To reduce the likelihood of race conditions in your Ruby code
Just as the easiest way to protect MRI internals from race conditions is to disallow real parallel threading, it’s also the easiest way to protect your Ruby code from race conditions. In this regard, the GIL reduces the likelihood that you shoot yourself in the foot when using multiple threads. However, the cost for this reduction in entropy is high.
In many situations, Ruby provides a lot of power to you, the user of the language. It trusts that you will do the right thing, knowing that it’s possible to really get things wrong. However, when it comes to multi-threading, MRI takes the opposite approach. They remove the ability of the system to do parallel threading.

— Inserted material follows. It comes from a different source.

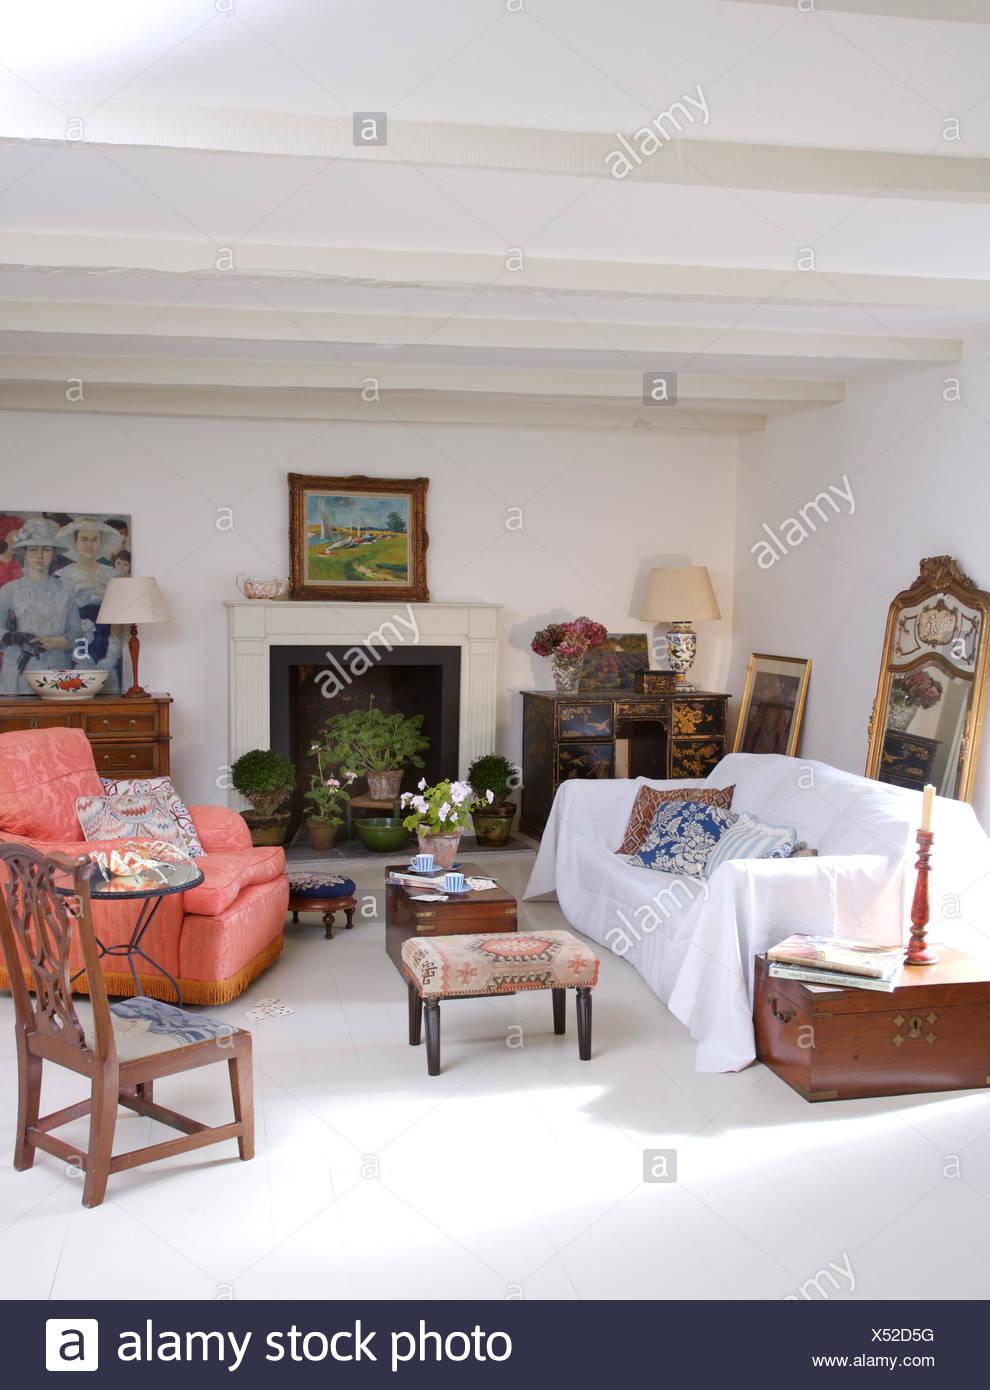 Bemerkenswert Sofa Wohnzimmer Ideen Von Weiß Auf Im Weiße Französische Land Mit

It’s a bit like wearing fully body armour to walk down the street: it really helps if you get attacked, but most of the time it’s just confining.
It’s important to note that the GIL only reduces entropy here; it can’t rule it out all together. The next section goes into more detail on this.
Now that you have an understanding of what the GIL is, and why it exists, this is probably the most important section of this chapter.
Over time, people have made false assumptions or incredible claims about the GIL. Unfortunately, it’s a misunderstood part of MRI. This leaves us in a situation where many people have an unwitting negative, or positive, impression of the GIL, without really understanding what it does or what it guarantees.
Up until now, I’ve given you some idea about how it works; now I’ll try to dispel two myths in the community.
Myth: the GIL guarantees your code will be thread-safe.
This isn’t true. Throughout this chapter, I’ve been careful to say that the GIL reduces the likelihood of a race condition, but can’t prevent it. When multiple threads are running in parallel, and a race condition is possible, the likelihood of it happening is higher. There are simply more opportunities for things to go wrong.
But with a GIL, two threads are never running Ruby code in parallel. This greatly reduces the likelihood of things going wrong, but still can’t prevent it. Let’s use this Ruby code as an example:
@counter = 0 5.times.map do Thread.new do temp = @counter temp = temp + 1 @counter = temp end end.each(&:join) puts @counter
This probably isn’t code that you would write every day, but it illustrates the point. This is the expanded version of the
With no synchronization, even with a GIL, it’s possible that a context switch happens between incrementing
temp and assigning it back to
counter. If this is the case, it’s possible that two threads assign the same value to
counter. In the end the result of this little snippet could be less than 5.
It’s rare to get an incorrect answer using MRI with this snippet, but almost guaranteed if you use JRuby or Rubinius. If you insert a
puts in the middle of the block passed to Thread.new, then it’s very likely that MRI will produce an incorrect result. Its behaviour with blocking IO encourages a context switch while waiting for the thread to print to stdout.
As you get a better understanding of race conditions and thread safety in the upcoming chapters, the absurdity of the claim that the GIL guarantees thread safety will become clearer.
Myth: the GIL prevents concurrency.
This is a misunderstanding of terms.
The GIL prevents parallel execution of Ruby code, but it doesn’t prevent concurrent execution of Ruby code. Remember that concurrent code execution is possible even on a single core CPU by giving each thread a turn with the resources. This is the situation with MRI and the GIL.
So the GIL prevents parallel execution of Ruby code, but not concurrent execution.
The other important thing to remember is the caveat: blocking IO. The GIL allows multiple threads to be simultaneously blocked on IO. This means that you can use multiple threads to parallelize code that is IO-bound.
MRI’s multi-threading behaviour, with respect to blocking IO, is actually very similar to the behaviour of JRuby or Rubinius in the face of blocking IO. Any of these implementations will allow blocking IO to be parallelized.